*** Opening of The input ***
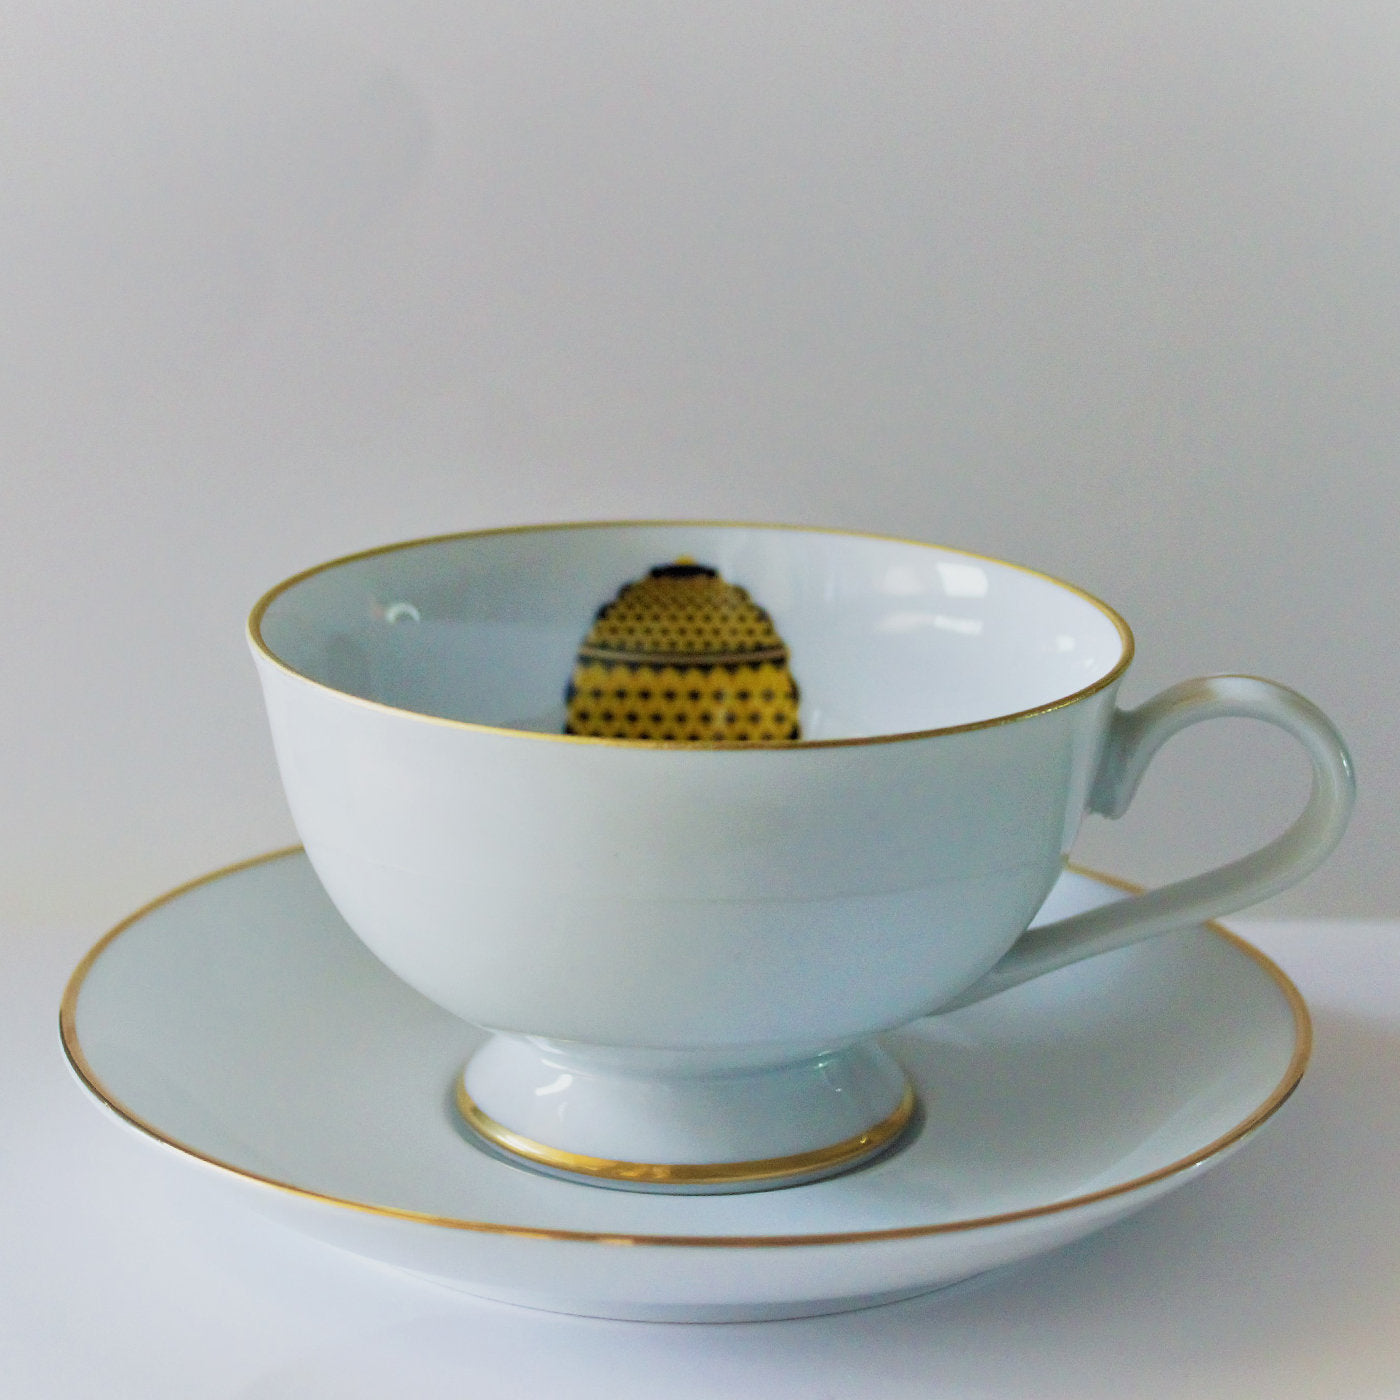 UOVO Yellow Tea Cup with saucer - Set of 4 - Alternative view 1
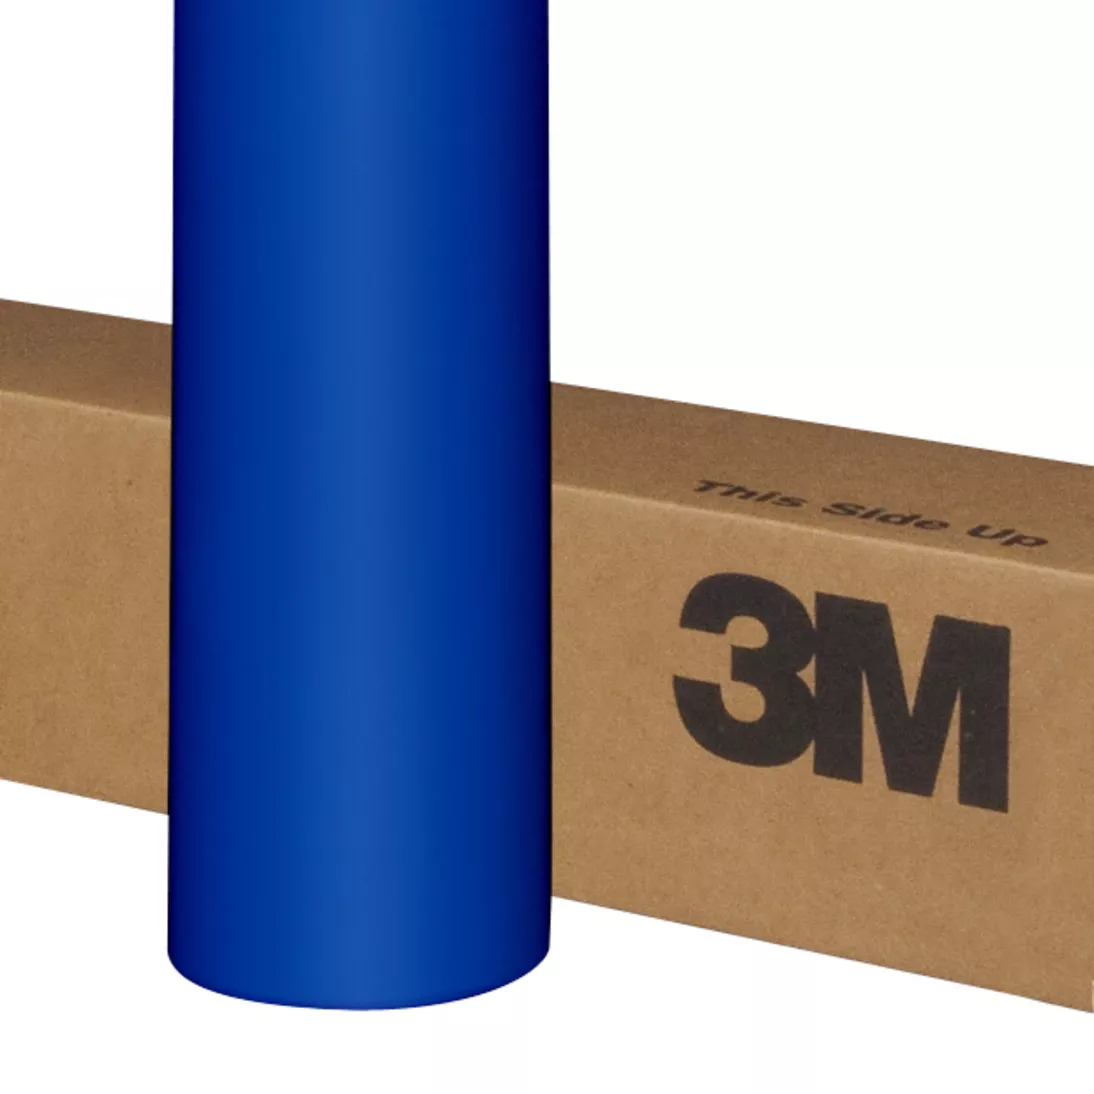 3M™ Scotchlite™ Removable Reflective Graphic Film With Comply™ Adhesive
680CR-76, Light Blue, 48 in x 50 yd, 1 Roll/Case
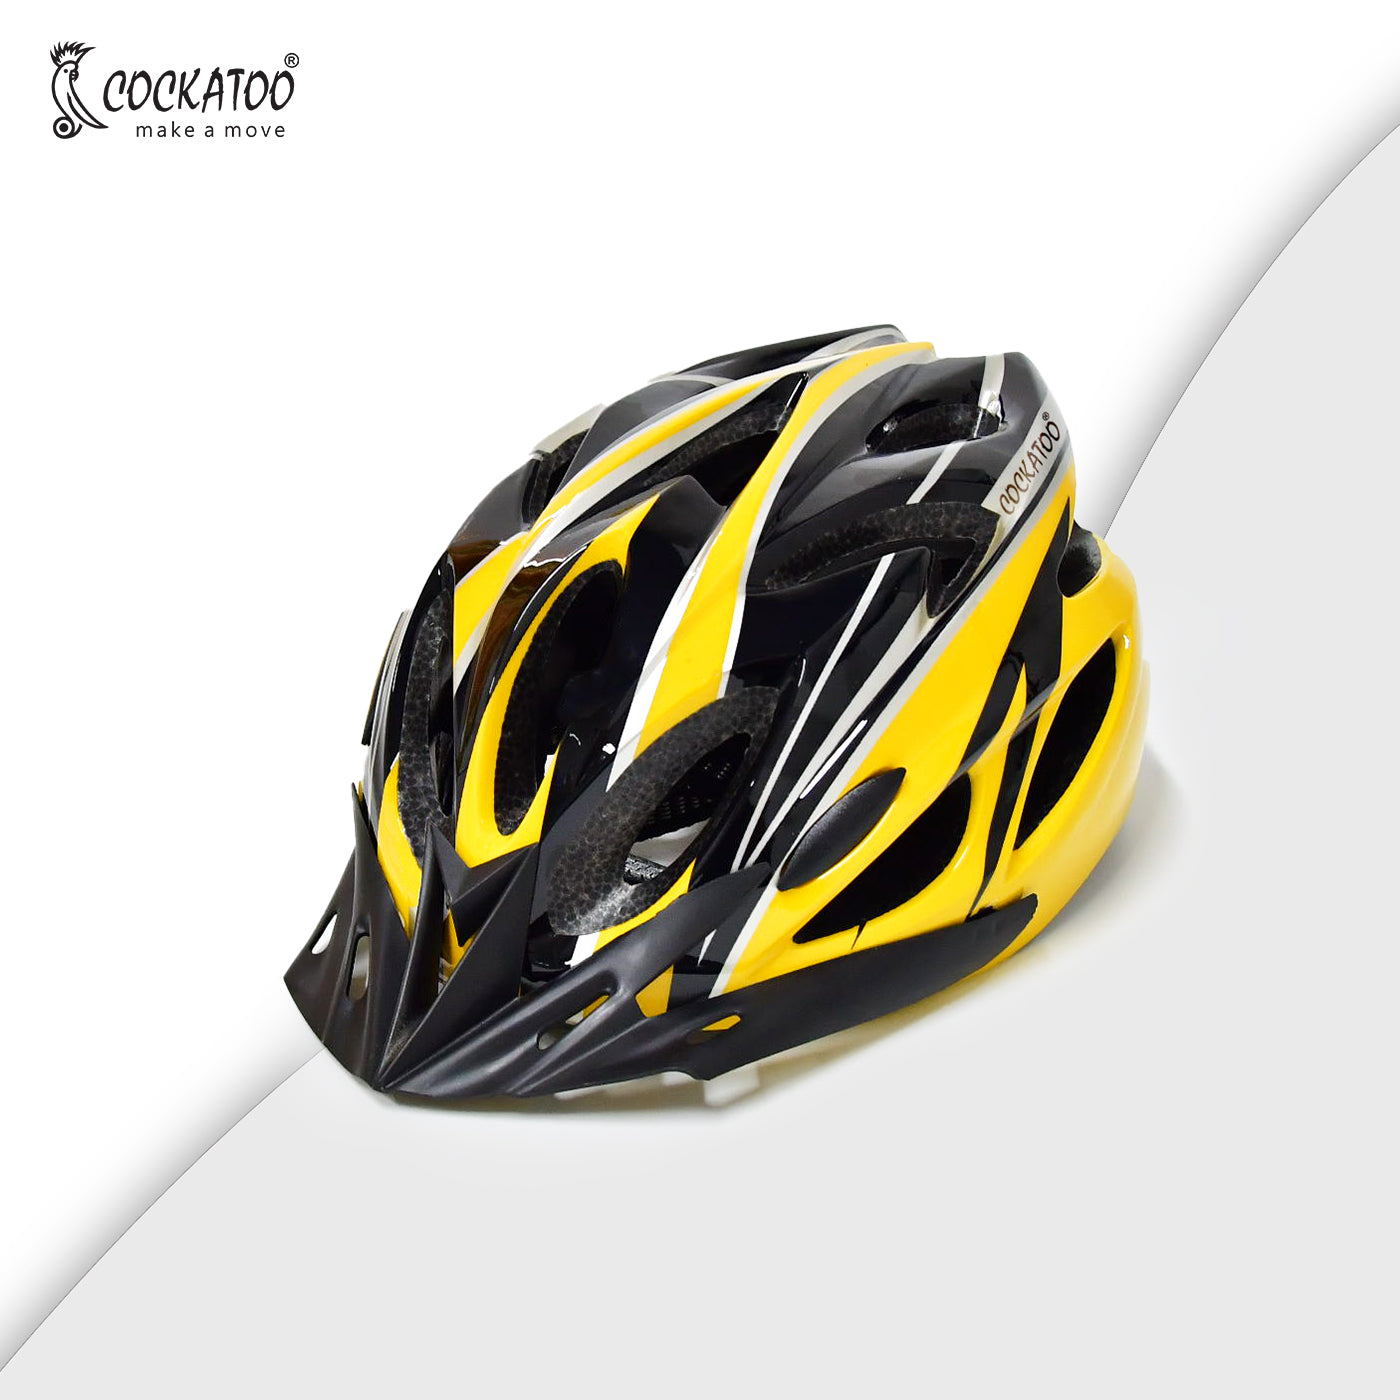 Cockatoo Adjustable Cycling Helmet with Detachable Visor|Adjustable Light Weight Mountain Bike Cycle Helmet with Padding for Kids and Adults|Racing Helmet for Men and Women
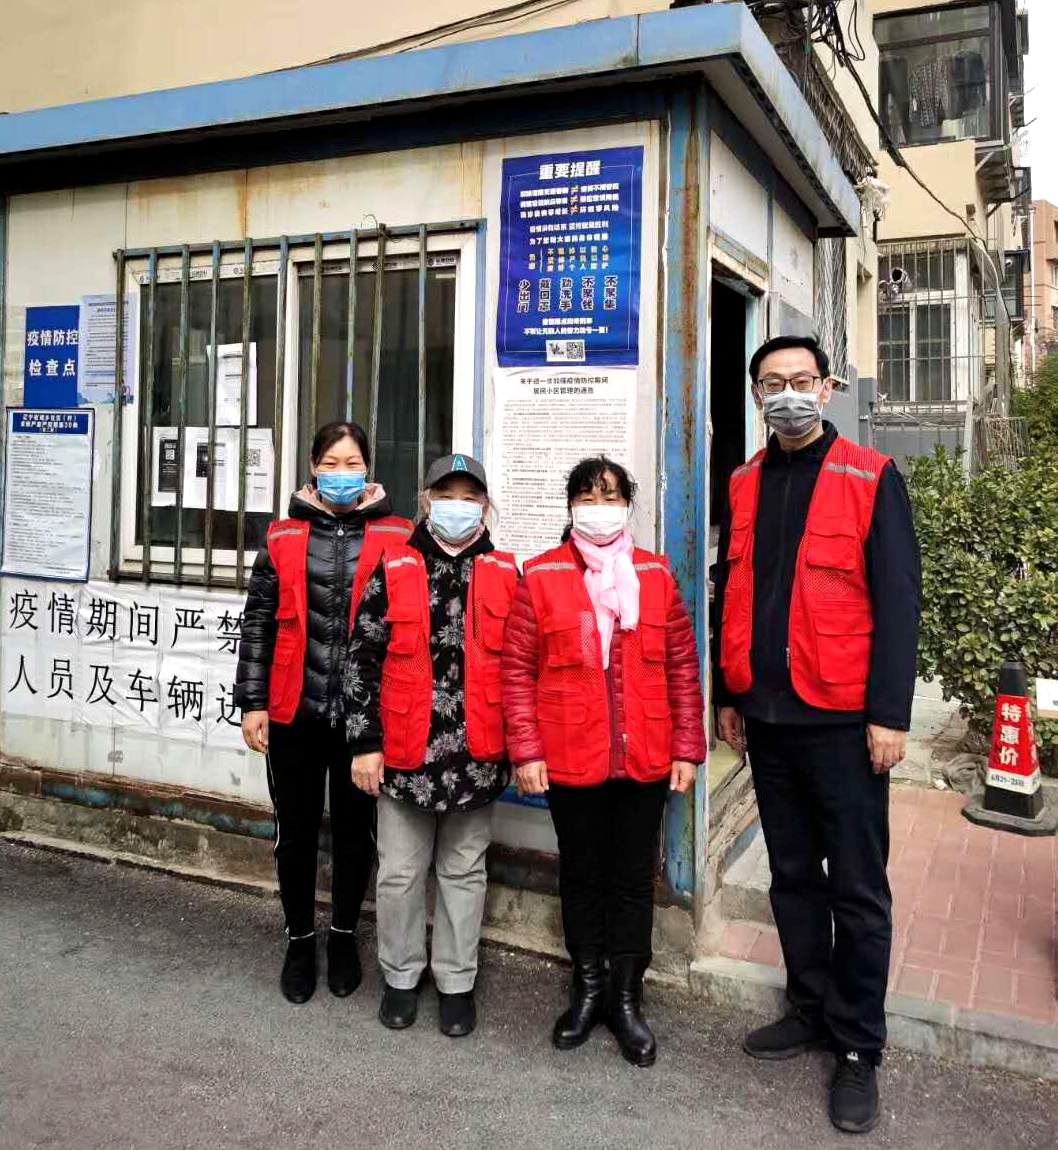 Believers of Gospel Church in Zhongshan District, Dalian, Liaoning served in a community on March 20, 2020.
*** Close of The input ***
### Exercise objective
What is needed is an exact repeat of the records, with every picture left out.

### Response to the task
 UOVO Yellow Tea Cup with saucer - Set of 4 - Alternative view 1
 3M™ Scotchlite™ Removable Reflective Graphic Film With Comply™ Adhesive
680CR-76, Light Blue, 48 in x 50 yd, 1 Roll/Case
 Cockatoo Adjustable Cycling Helmet with Detachable Visor|Adjustable Light Weight Mountain Bike Cycle Helmet with Padding for Kids and Adults|Racing Helmet for Men and Women
 Believers of Gospel Church in Zhongshan District, Dalian, Liaoning served in a community on March 20, 2020.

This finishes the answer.